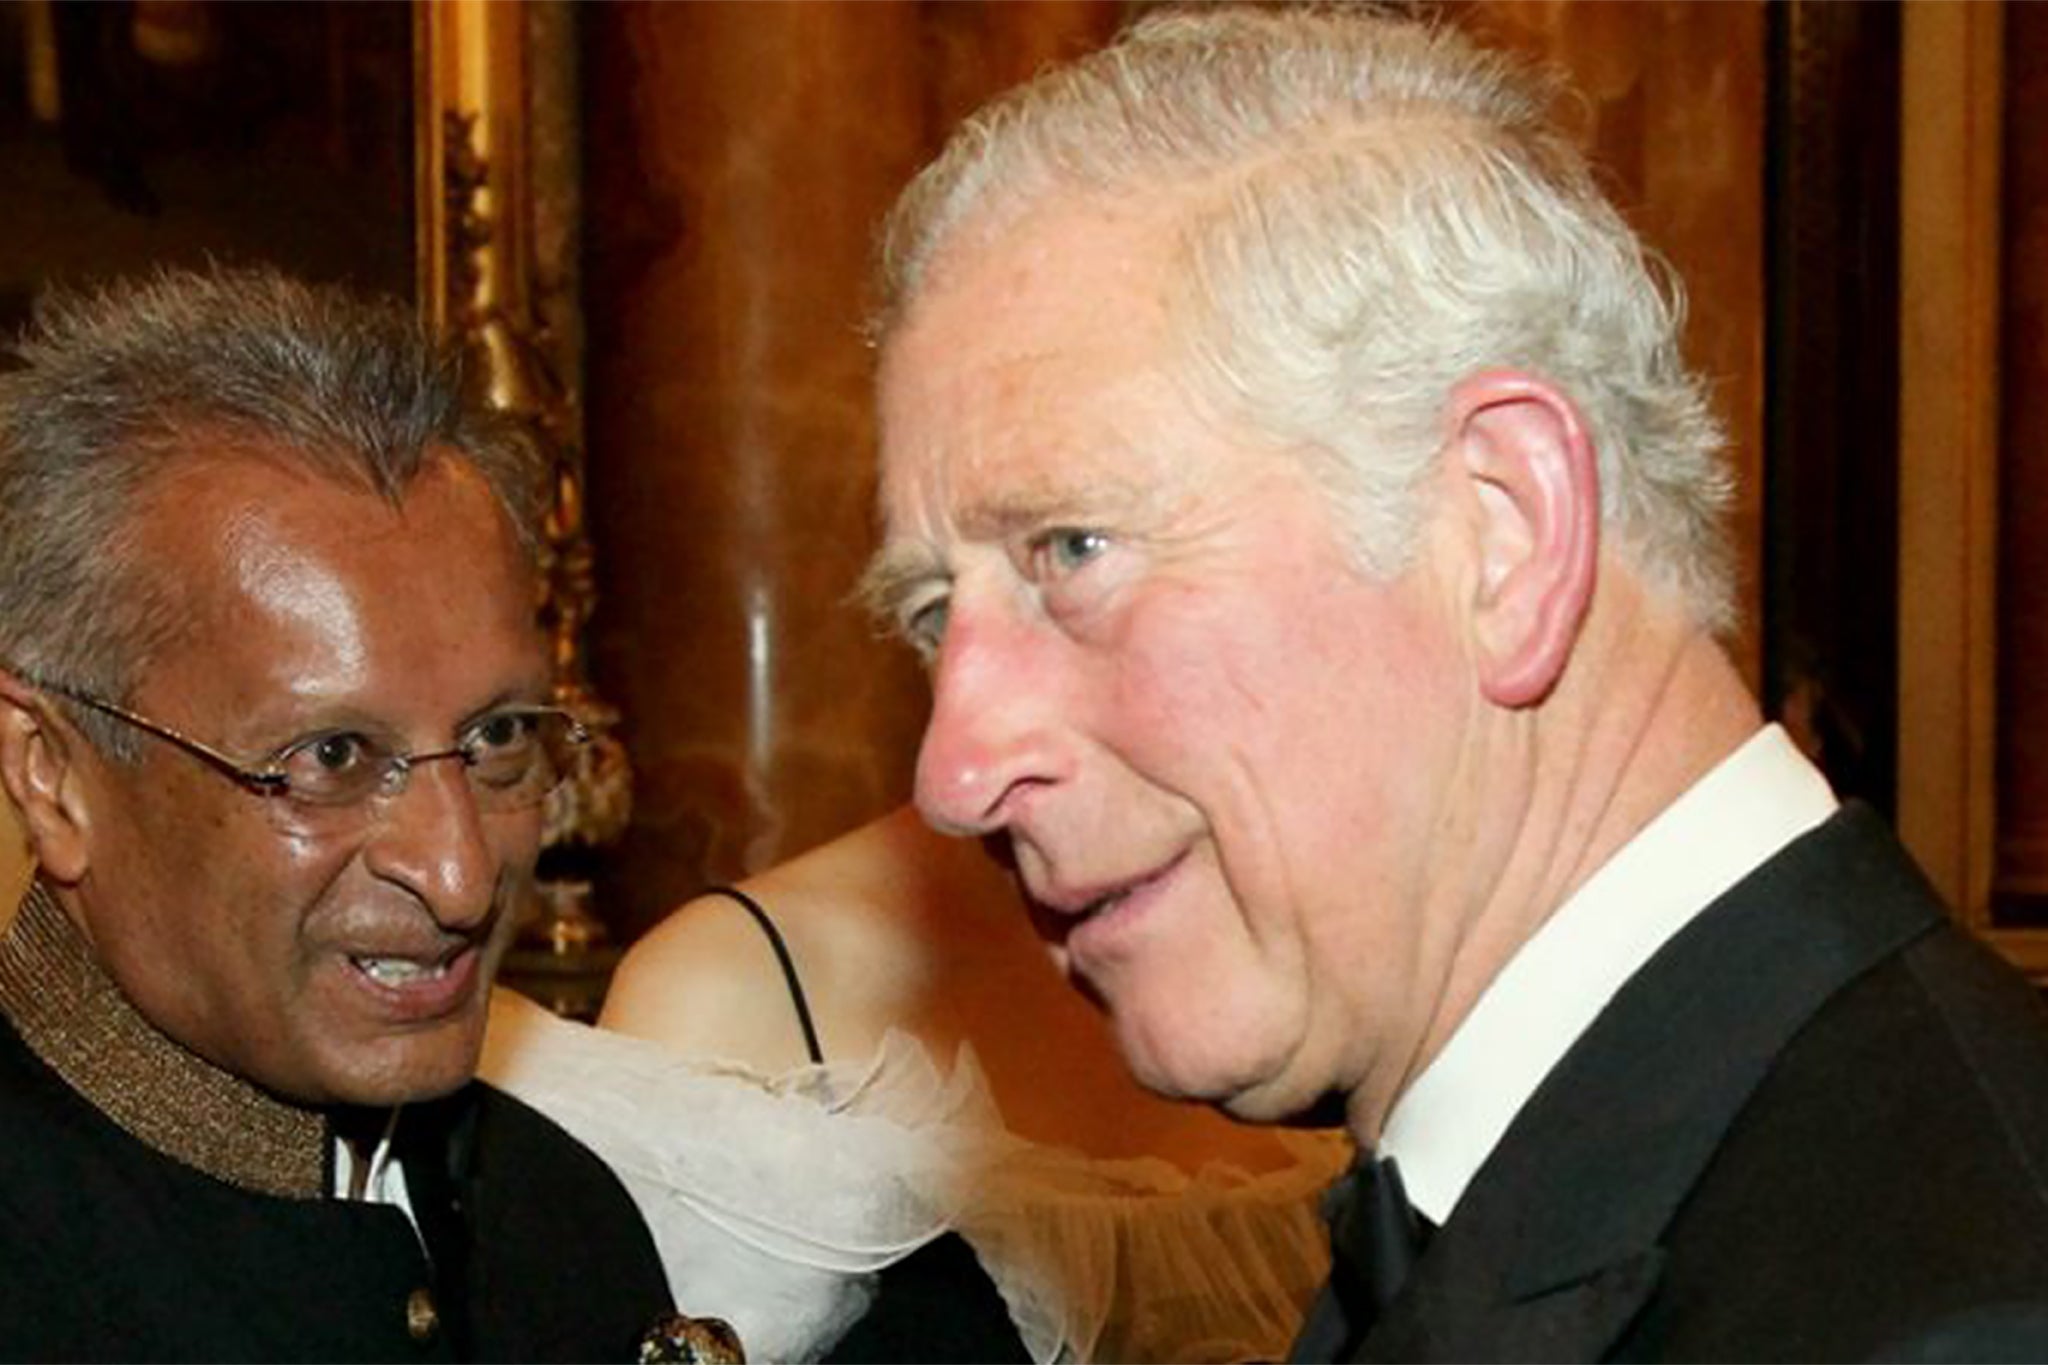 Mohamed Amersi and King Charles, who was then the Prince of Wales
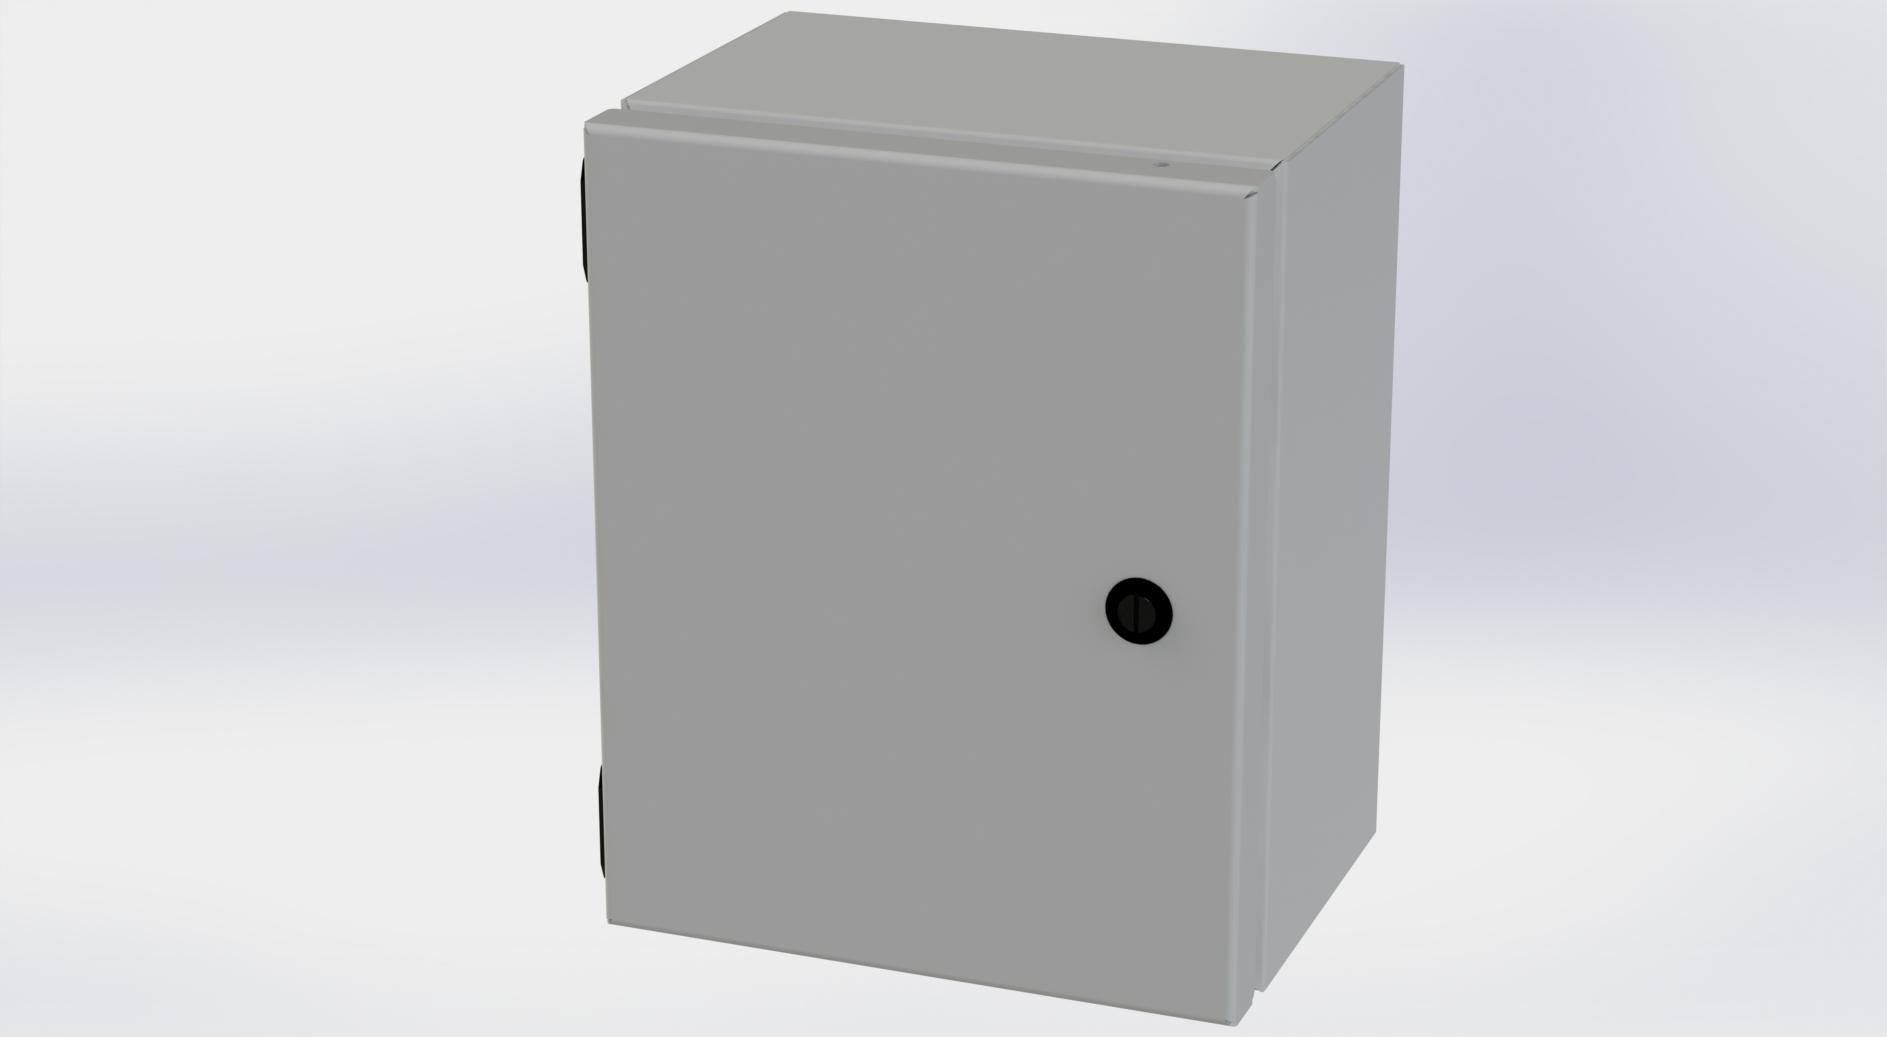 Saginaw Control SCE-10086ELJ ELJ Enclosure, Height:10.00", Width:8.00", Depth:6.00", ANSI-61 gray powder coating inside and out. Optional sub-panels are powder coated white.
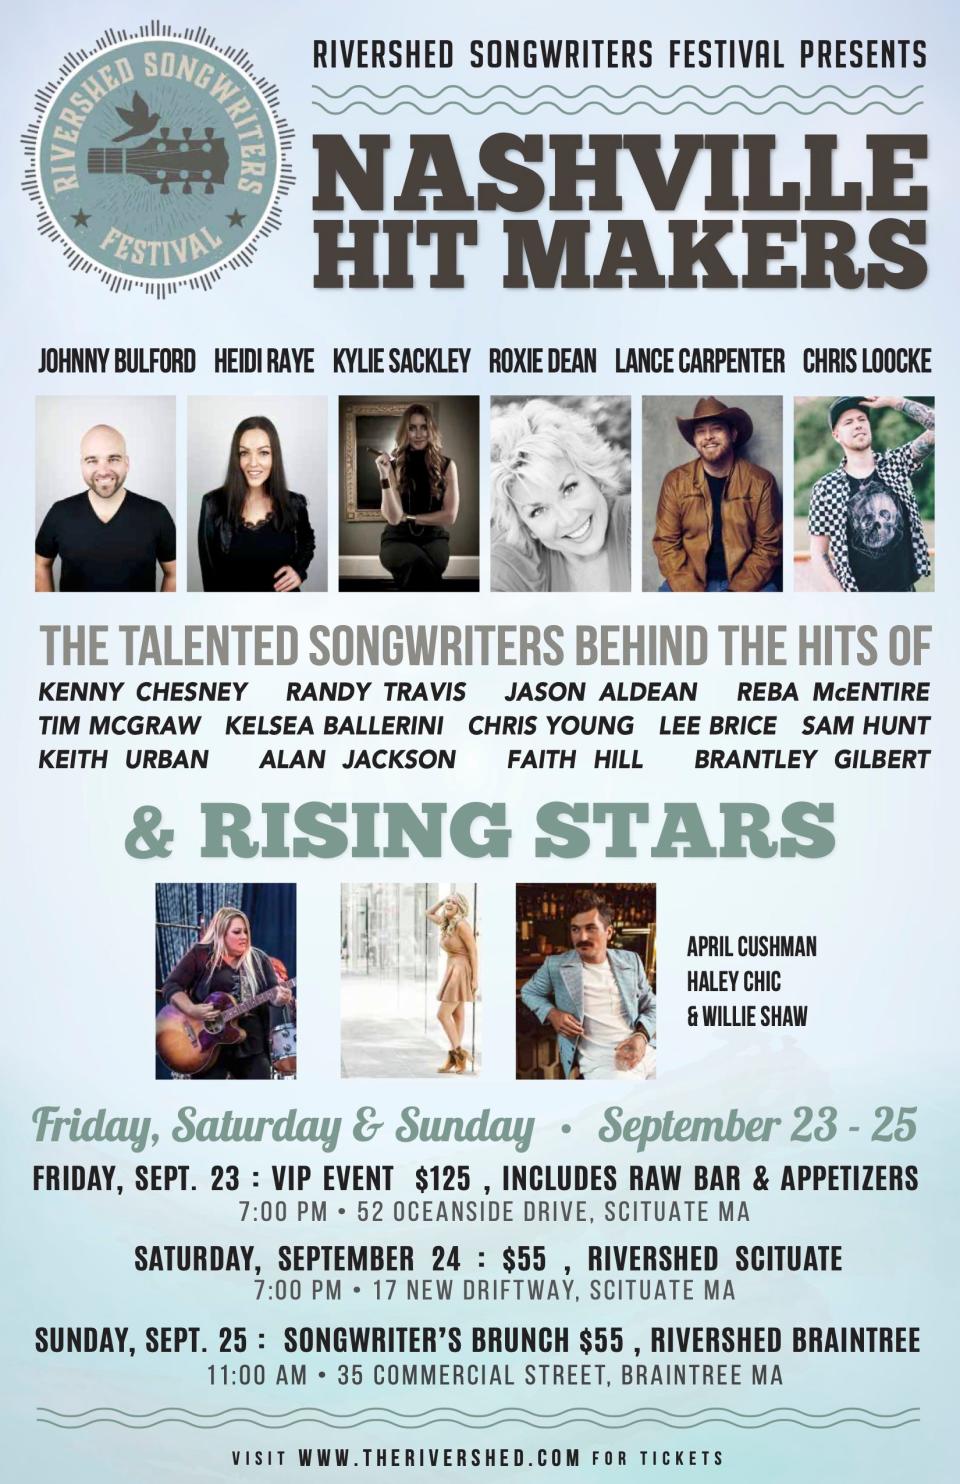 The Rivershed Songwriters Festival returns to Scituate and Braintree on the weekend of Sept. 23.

» **THE PROBLEM**
Take the line containing "Saginaw Control SCE-10086ELJ" as the first line and the last line of the data above as the final one, and output exactly the lines between them, inclusive, with no pictures.

» **ANSWER TO THIS PROBLEM**
 Saginaw Control SCE-10086ELJ ELJ Enclosure, Height:10.00", Width:8.00", Depth:6.00", ANSI-61 gray powder coating inside and out. Optional sub-panels are powder coated white.
 The Rivershed Songwriters Festival returns to Scituate and Braintree on the weekend of Sept. 23.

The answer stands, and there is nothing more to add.